Reputation: 5890
I'm using spark streaming to read message from Kafka, it works fine. But I had one requirement which needs to re-read the messages. I was thinking I may just need to change the spark's customer groupId and restart spark streaming app, it should reread the kafka message from beginning. But the result was that Spark could not get any messages, I'm confused. By Kafka document if you change the customer groupId then it should get message from beginning, because kafka treat you as a new customer. Thanks in advance!
Upvotes: 1
Views: 861
Reputation: 611
Sounds like you are using spark streaming's receiver based api for Kafka. For that api auto.offset.reset only applies if there aren't offsets in ZK, as you noticed.
If you want to be able to specify the exact offsets, see the version of the createDirectStream call that takes fromOffsets as an argument.
Upvotes: 2
Reputation: 16392
Kafka consumers have a property called auto.offset.reset (See Kafka Doc). This tells the consumer what to do when it starts consuming but it hasn't committed an offset, yet. This is your case. The topic has messages, but there's no start offset stored because you haven't read anything under that new group id, yet.

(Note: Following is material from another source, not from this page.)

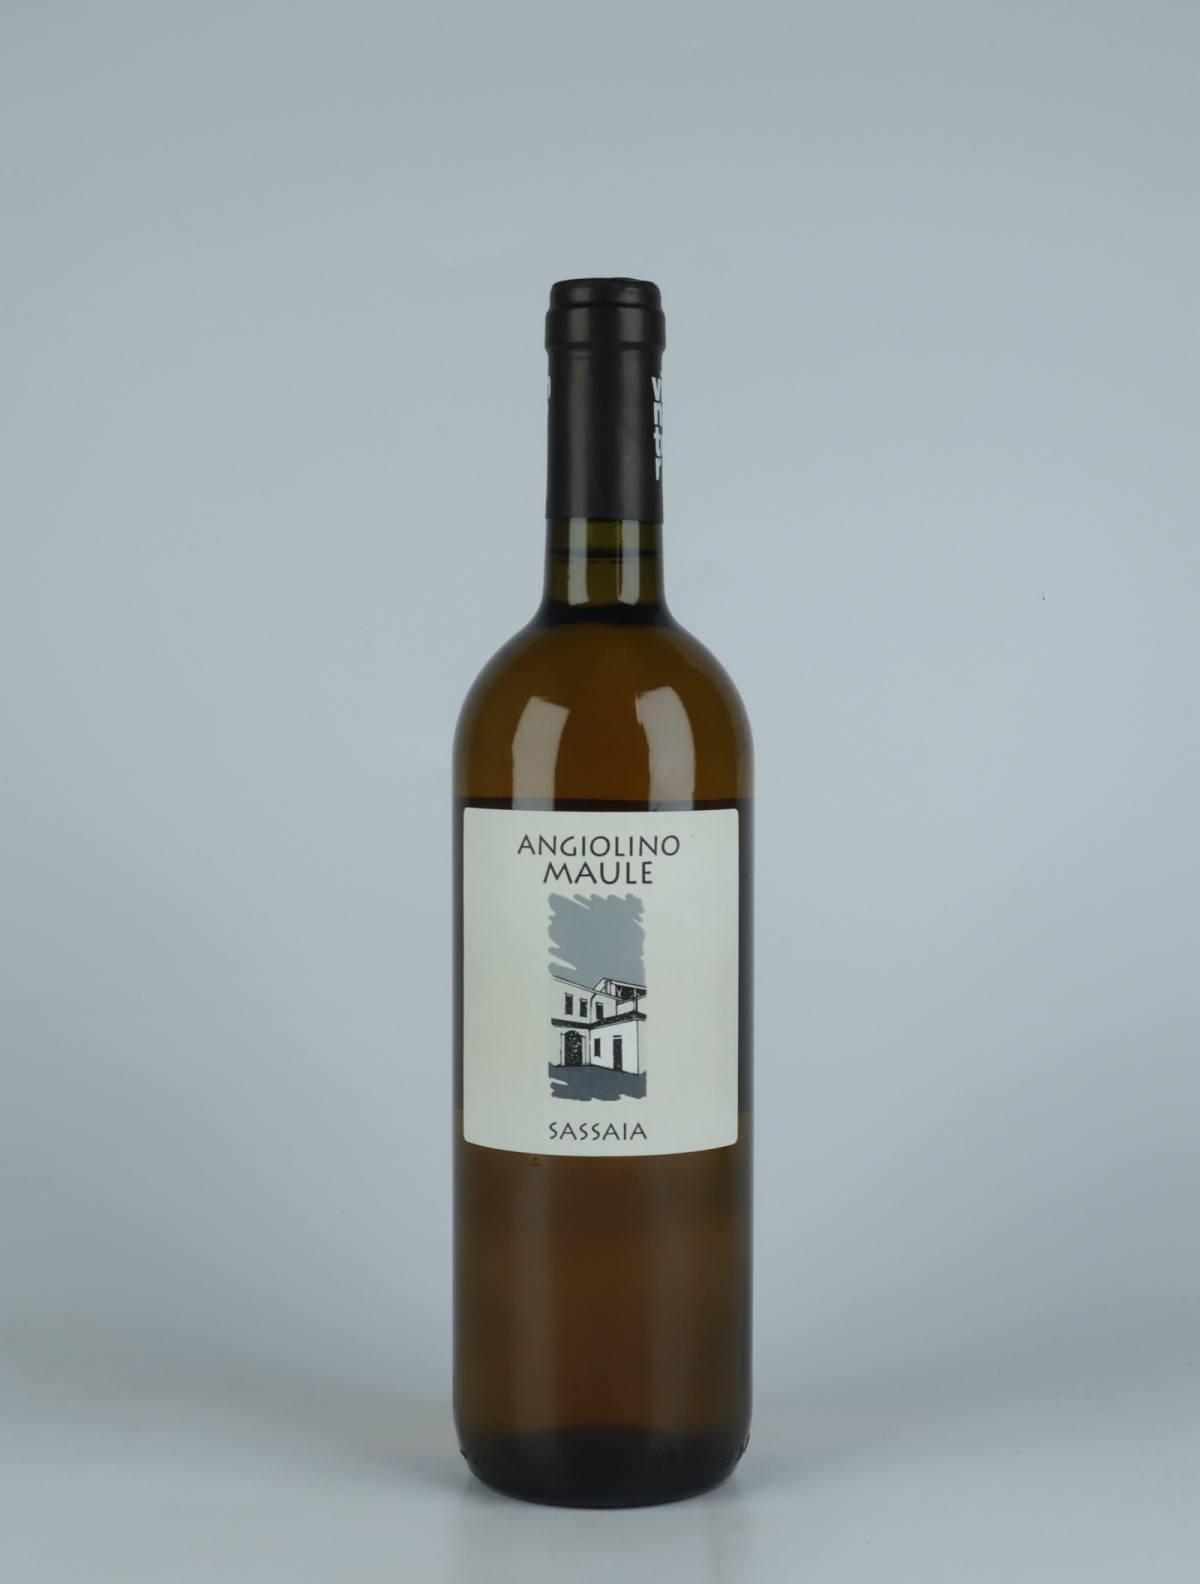 A bottle 2021 Sassaia White wine from La Biancara di Angiolino Maule, Veneto in Italy

In this situation, the auto.offset.reset property is used. If the value is "largest", and this is the default), then the start position is set to the largest offset (the last) and you get the behavior you're seeing. If the value is "smallest" then the offset is set to the beginning offset and the consumer would read the entire partition. This is what you want.
So I'm not exactly sure how you'd set that Kafka property in your Spark app, but you definitely want that property set to "smallest" if you want the new group id to result in a read of the entire topic.
Upvotes: 2